From: Shrikanth Hegde
Date: Fri Jan 31 2025 - 01:55:03 EST




On 1/31/25 11:39, Christophe Leroy wrote:


Le 30/01/2025 à 21:26, Sebastian Andrzej Siewior a écrit :
On 2025-01-30 22:27:07 [+0530], Shrikanth Hegde wrote:
| #DEFINE need_irq_preemption() \
| (static_branch_unlikely(&sk_dynamic_irqentry_exit_cond_resched))
|
|     if (need_irq_preemption()) {

be a bit smaller/ quicker? This could be a fast path ;)

I am okay with either way. I did try both[1], there wasn't any significant difference,
hence chose a simpler one. May be system size, workload pattern might matter.

Let me do some more testing to see which one wins.
Is there any specific benchmark which might help here?

No idea. As per bean counting: preempt_model_preemptible() should
resolve in two function calls + conditional in the dynamic case. This
should be more expensive compared to a nop/ branch ;)

I did a build comparison on pmac32_defconfig + dynamic preemption, the static branch looks definitely more optimal:

Without static branch:

...
 294:    7c 08 02 a6     mflr    r0
 298:    90 01 00 24     stw     r0,36(r1)
 29c:    48 00 00 01     bl      29c <interrupt_exit_kernel_prepare+0x50>
            29c: R_PPC_REL24    preempt_model_full
 2a0:    2c 03 00 00     cmpwi   r3,0
 2a4:    41 82 00 a4     beq     348 <interrupt_exit_kernel_prepare+0xfc>
...
 2a8:    81 22 00 4c     lwz     r9,76(r2)
 2ac:    71 29 00 04     andi.   r9,r9,4
 2b0:    40 82 00 d4     bne     384 <interrupt_exit_kernel_prepare+0x138>
...
 2b4:    7d 20 00 a6     mfmsr   r9
 2b8:    55 29 07 fa     rlwinm  r9,r9,0,31,29
...
 348:    48 00 00 01     bl      348 <interrupt_exit_kernel_prepare+0xfc>
            348: R_PPC_REL24    preempt_model_lazy
 34c:    2c 03 00 00     cmpwi   r3,0
 350:    40 a2 ff 58     bne     2a8 <interrupt_exit_kernel_prepare+0x5c>
 354:    4b ff ff 60     b       2b4 <interrupt_exit_kernel_prepare+0x68>

With the static branch:

...
 294:    48 00 00 58     b       2ec <interrupt_exit_kernel_prepare+0xa0>
...
 298:    7d 20 00 a6     mfmsr   r9
 29c:    55 29 07 fa     rlwinm  r9,r9,0,31,29
...
 2ec:    81 22 00 4c     lwz     r9,76(r2)
 2f0:    71 29 00 04     andi.   r9,r9,4
 2f4:    41 82 ff a4     beq     298 <interrupt_exit_kernel_prepare+0x4c>
...

With the static branch it is just an unconditional branch being later replaced by a NOP. It must be more efficient.
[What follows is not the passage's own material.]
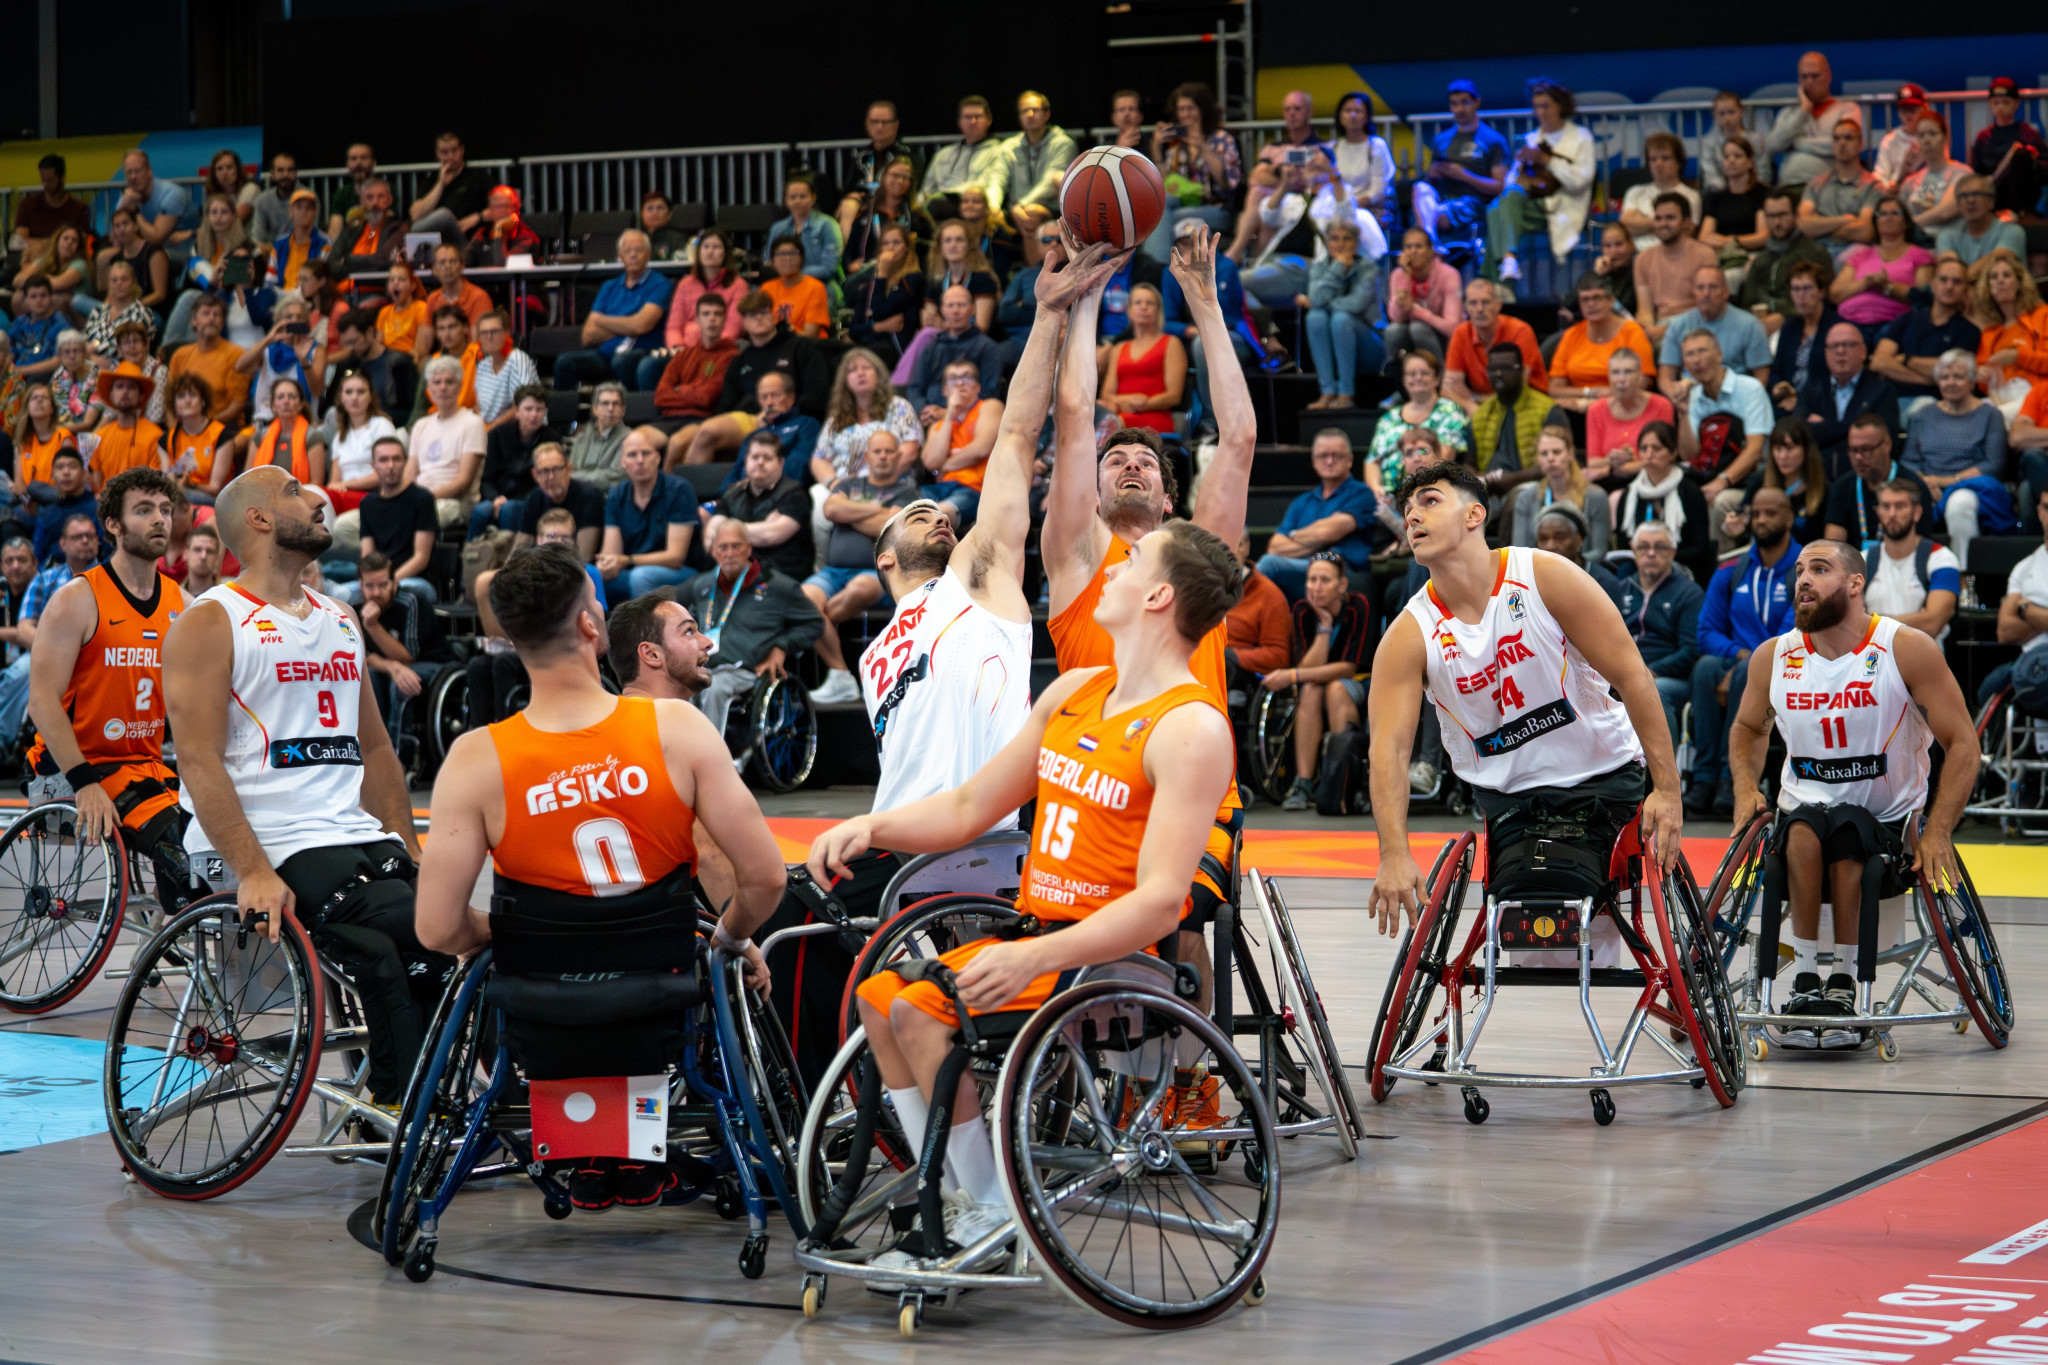 The Netherlands have high hopes of wheelchair basketball success in Rotterdam with the home fans behind them ©EPC

So in first case we need to get and save LR, call preempt_model_full(), compare with 0, call preempt_model_lazy() and compare again, and at some point read and restore LR.
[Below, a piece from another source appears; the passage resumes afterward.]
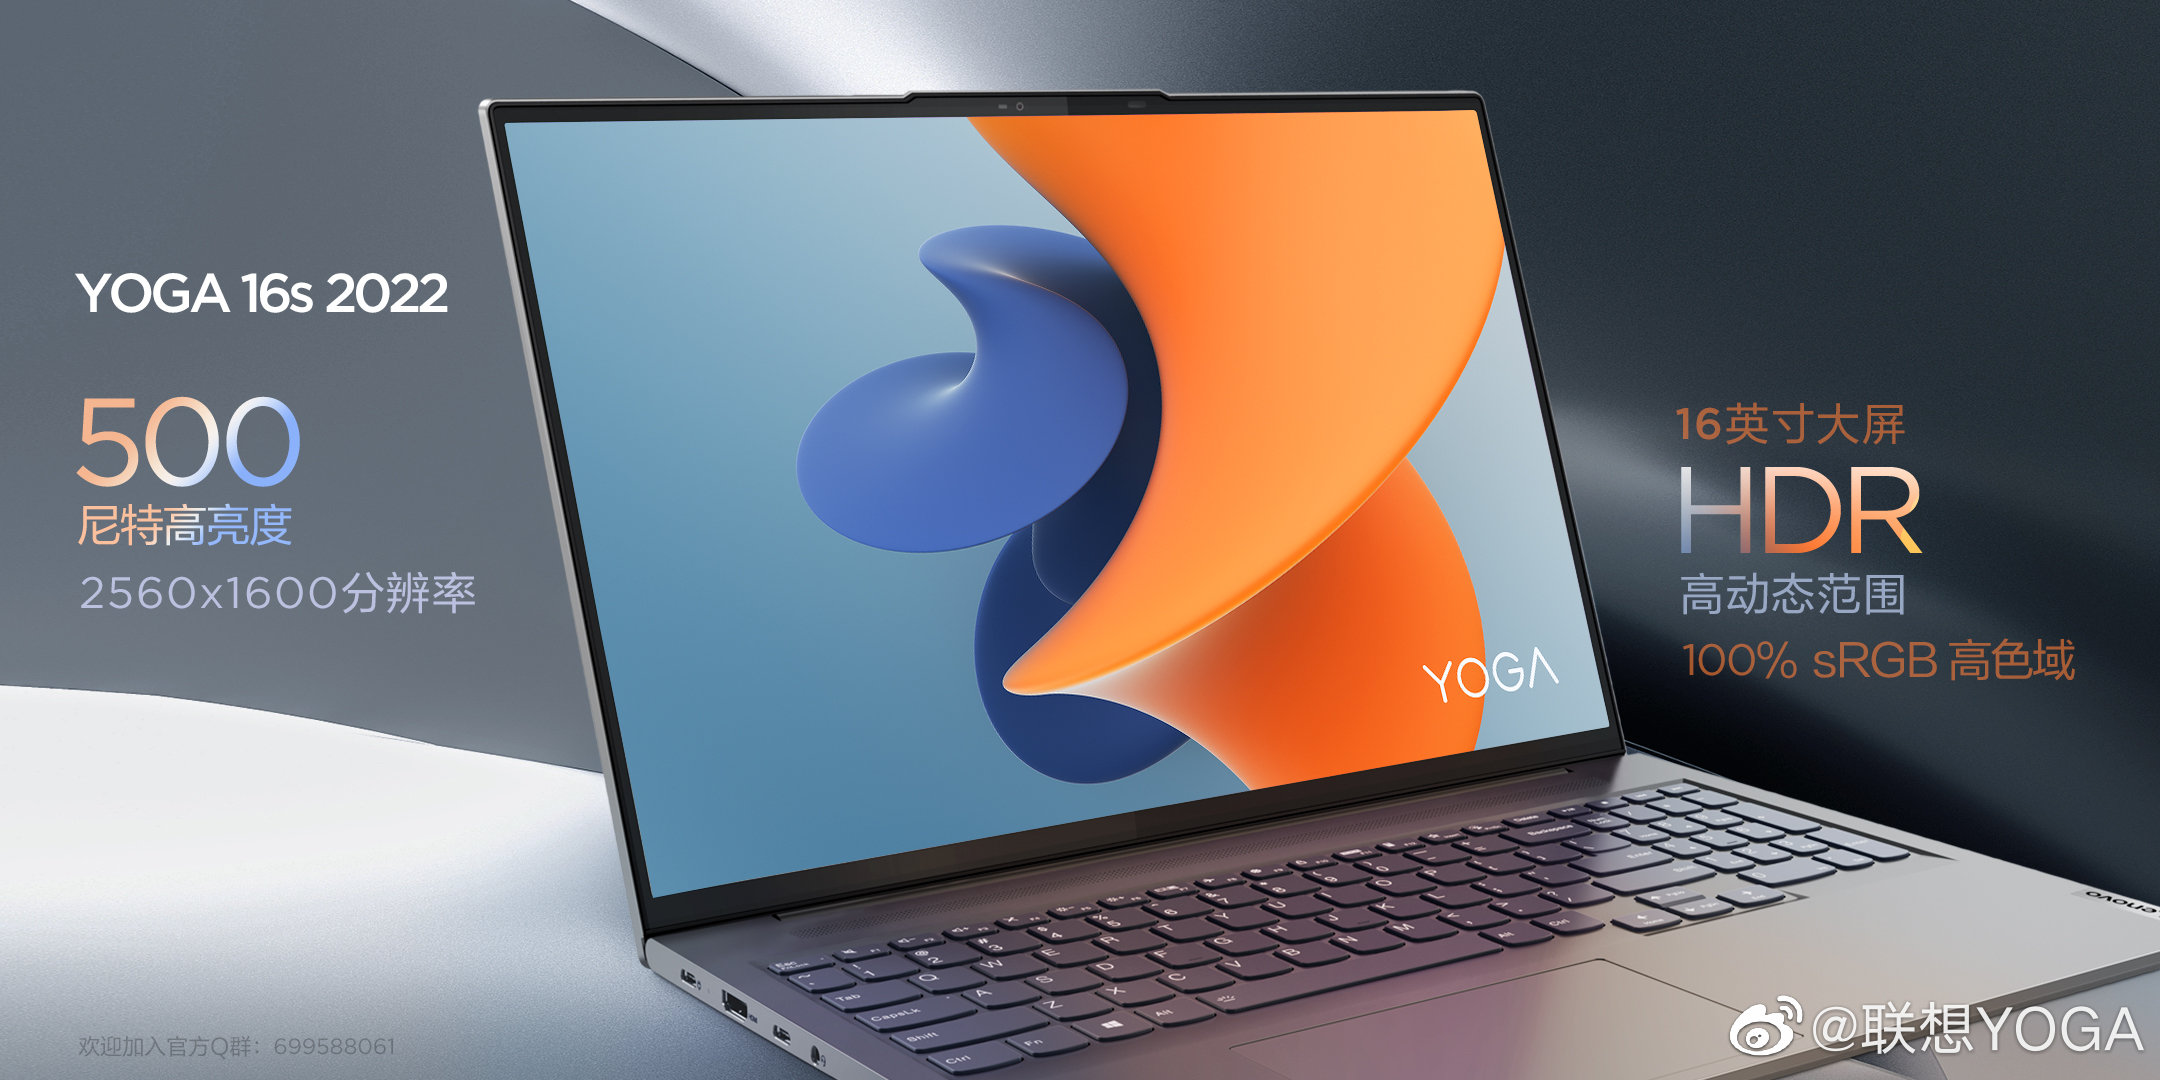 Lenovo YOGA 16s with 16-inch Slim-bezel display announced in China

And the preempt_model_() functions are not tiny functions:

00003620 <preempt_model_full>:
    3620:    3d 20 00 00     lis     r9,0
            3622: R_PPC_ADDR16_HA    preempt_dynamic_mode
    3624:    94 21 ff f0     stwu    r1,-16(r1)
    3628:    80 69 00 00     lwz     r3,0(r9)
            362a: R_PPC_ADDR16_LO    preempt_dynamic_mode
    362c:    2c 03 ff ff     cmpwi   r3,-1
    3630:    41 82 00 18     beq     3648 <preempt_model_full+0x28>
    3634:    68 63 00 02     xori    r3,r3,2
    3638:    38 21 00 10     addi    r1,r1,16
    363c:    7c 63 00 34     cntlzw  r3,r3
    3640:    54 63 d9 7e     srwi    r3,r3,5
    3644:    4e 80 00 20     blr
...
    3648:    0f e0 00 00     twui    r0,0
    364c:    68 63 00 02     xori    r3,r3,2
    3650:    38 21 00 10     addi    r1,r1,16
    3654:    7c 63 00 34     cntlzw  r3,r3
    3658:    54 63 d9 7e     srwi    r3,r3,5
    365c:    4e 80 00 20     blr

00003660 <preempt_model_lazy>:
    3660:    3d 20 00 00     lis     r9,0
            3662: R_PPC_ADDR16_HA    preempt_dynamic_mode
    3664:    94 21 ff f0     stwu    r1,-16(r1)
    3668:    80 69 00 00     lwz     r3,0(r9)
            366a: R_PPC_ADDR16_LO    preempt_dynamic_mode
    366c:    2c 03 ff ff     cmpwi   r3,-1
    3670:    41 82 00 18     beq     3688 <preempt_model_lazy+0x28>
    3674:    68 63 00 03     xori    r3,r3,3
    3678:    38 21 00 10     addi    r1,r1,16
    367c:    7c 63 00 34     cntlzw  r3,r3
    3680:    54 63 d9 7e     srwi    r3,r3,5
    3684:    4e 80 00 20     blr
...
    3688:    0f e0 00 00     twui    r0,0
    368c:    68 63 00 03     xori    r3,r3,3
    3690:    38 21 00 10     addi    r1,r1,16
    3694:    7c 63 00 34     cntlzw  r3,r3
    3698:    54 63 d9 7e     srwi    r3,r3,5
    369c:    4e 80 00 20     blr




That's convincing. Thanks for the pointers. I will move it into static branch method.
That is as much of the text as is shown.